The lower limit for detection of a near-field signal arises from the requirement that the signal-to-noise ratio (SNR) be larger than unity,

SNR = \frac{S_{nf}}{σ_{ff}} = f \sqrt{\frac{k}{N_{FA}}} > 1 .

Below this limit, the near-field signal is indistinguishable from stochastic fluctuations of the far-field background. On the other hand, to produce an image that can be interpreted visually dictates a more stringent requirement, namely that the contrast (C) be larger than unity,

C = \frac{S_{nf}}{S_{ff}} = \frac{f}{N_{FA}} > 1 .

In this model, it is straightforward to evaluate the minimum enhancement required for sensitivity to a single fluorophore within a dense ensemble. A practical limit on density arises from the requirement that the average spacing between fluorophores be no smaller than the microscope resolution, which is given by the near-field interaction zone. In this limit, N_FA=A/a_tip, where A is the area of the laser focus. Using the focused-TIRF scheme described above, A=0.75 µm² and a_tip=100 nm², which suggests a signal enhancement of f>7500 is needed to achieve contrast greater than unity. Employing a radially polarized laser beam yields a smaller focus spot, A=(250 nm)² [14], thus reducing the required enhancement to f~600. Silicon tips are only capable of producing an enhancement factor of f~20 [4], well below these requirements. Simple, non-optimized metal tips have been predicted to yield enhancement factors of f~3000 [1] and optimized metal tips that leverage antenna resonances may yield even larger enhancement factors. Although metal tips can produce much larger field enhancements than silicon, they also strongly quench fluorescence, leading to an overall reduction in the fluorescence signal and an associated decrease in the contrast. In several previous reports, silicon tips were found to yield the largest net contrast since no quenching was observed [2, 4, 5].
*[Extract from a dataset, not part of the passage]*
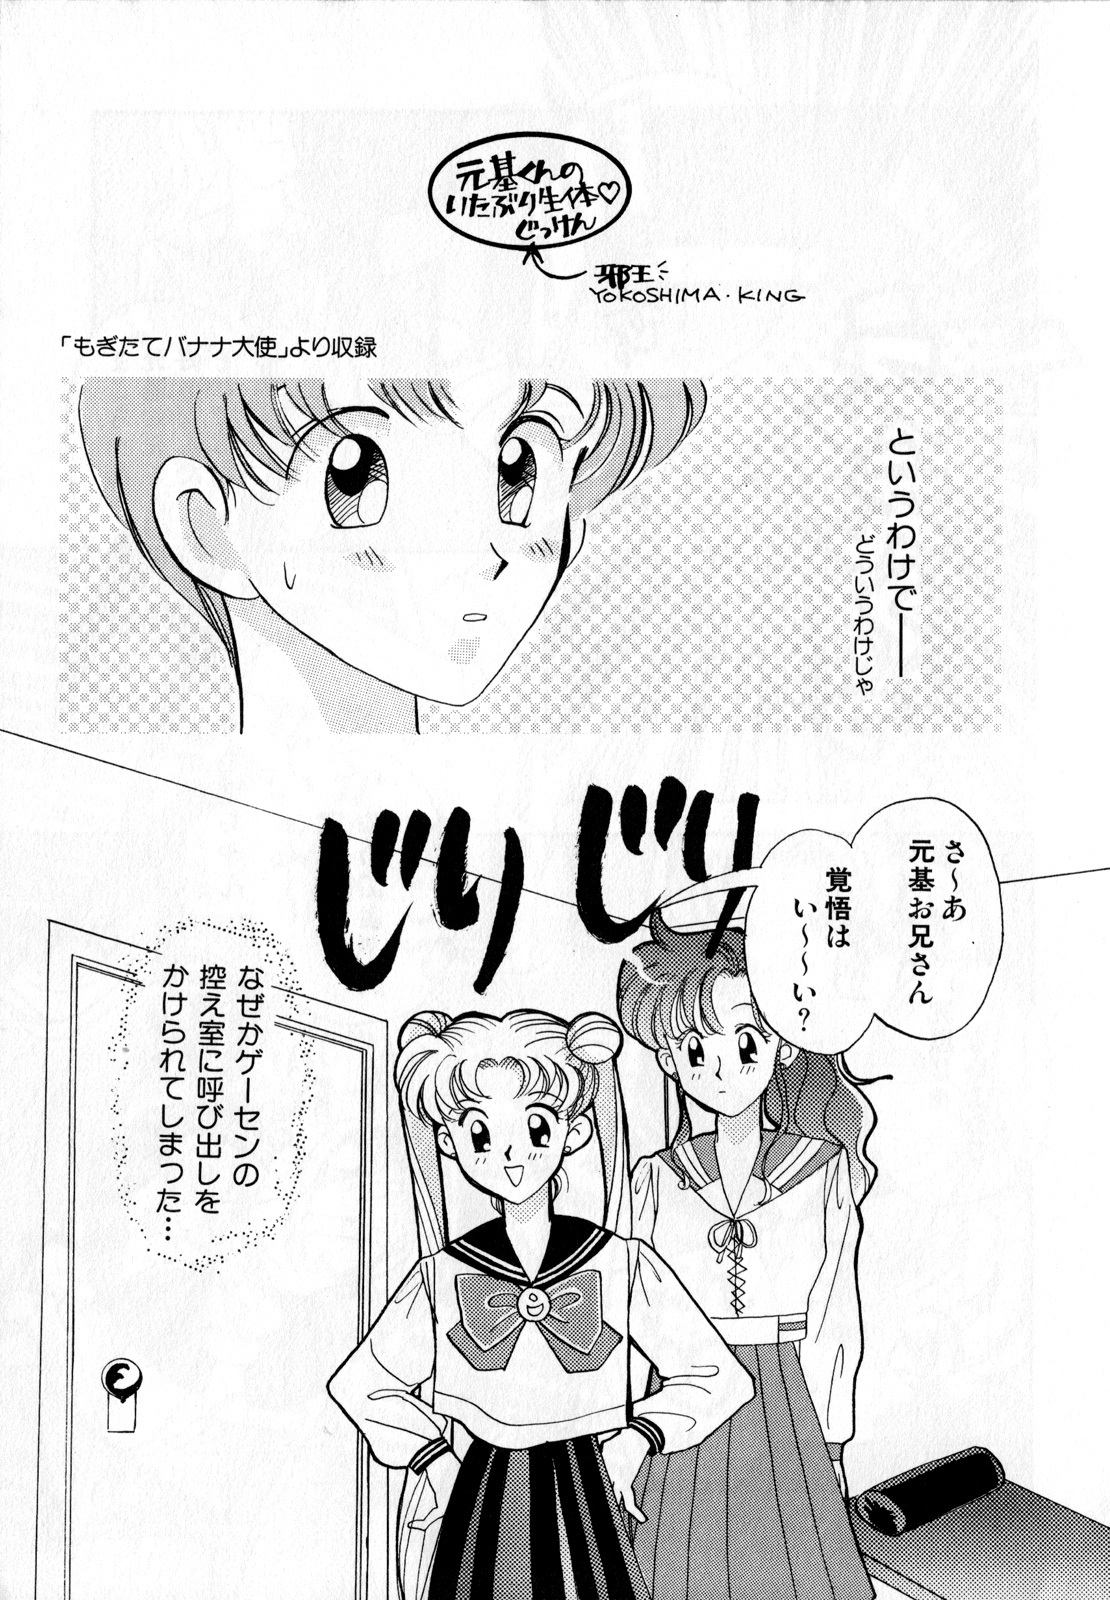 [Anthology] Lunatic Party 2 (Sailor Moon) page 14 full

At first glance, the required signal enhancements predicted above cast a shadow on the potential application of TEFM to biological systems. As discussed below, however, the contrast can be improved dramatically by oscillating the AFM probe, which induces an associated modulation in the fluorescence signal, and by the subsequent application of a phase sensitive demodulation algorithm, such as lock-in amplification. Modulation/demodulation schemes are used widely in many areas of small signal processing and have also been used before in near-field microscopy [2,4,5,15–18]. The analysis below demonstrates the limits of this approach for TEFM.

3. Improving contrast via phase sensitive demodulation

To calculate contrast and signal-to-noise ratio for the case of an oscillating tip, Eqs. (4) and (5) must be modified to account for the fact that the tip only intermittently contacts the sample at a particular phase of its oscillation cycle. To discuss the dependence of the near-field signal on the instantaneous height of the oscillating probe, it is useful to consider the arrival of each photon in a phase-space picture. In this scenario, each photon is assigned an angle θ_i corresponding to the instantaneous phase of the sinusoidal tip-oscillation function at the time of detection (Fig. 3). The photon phases can be mapped to the corresponding tip-sample separation if desired.

Since the sample remains under direct laser illumination whether the tip is oscillating or not, the far-field signal for an oscillating tip is unchanged,

S_{ff}^{osc} = S_{ff} = k N_{FA} .

Multiple scattering of far-field photons between the tip and sample can lead to variations in the background intensity as a function of the tip height. However, these variations have been measured to be very small (<5%) for the tip-oscillation amplitudes employed here, and are thus neglected. Therefore, we assume that the far-field signal for an oscillating tip is unchanged compared to an absent tip or one which is in constant contact with the surface.

In phase-space, the maximum near-field signal occurs at a preferred phase θ_p corresponding to tip-sample contact, and the photons are approximately Gaussian distributed around θ_p. To find the total number of near-field photons for a given pixel, S^osc_nf, the ratio γ defined as the number of photons collected in one oscillation cycle relative to the number that would have been collected had the tip been at the surface the entire time is calculated:

γ = \frac{1}{2 π} \int_{- π}^{π} \exp (- \frac{{(θ_{i} - θ_{p})}^{2}}{2 θ_{σ}^{2}}) d θ_{i} \approx \frac{θ_{σ}}{\sqrt{2 π}}

where θ_σ is the standard deviation of the photon-phase distribution, which can be obtained experimentally and is a function of oscillation amplitude. The approximation in Eq. (7) holds in the limit that the integration limits are extended to ±∞, or equivalently when θ_σ<π/3. The near-field signal for an oscillating tip is then given by

Fig. 3. (Color Online) Phase-space plot showing how photon arrivals (vertical lines) are correlated to tip-oscillation phase. Squiggly arrows represent photons emitted from fluorophores within the laser focus. Higher photon count rates occur at a preferred phase θ_p corresponding to tip-sample contact, resulting in the strongest near-field signal.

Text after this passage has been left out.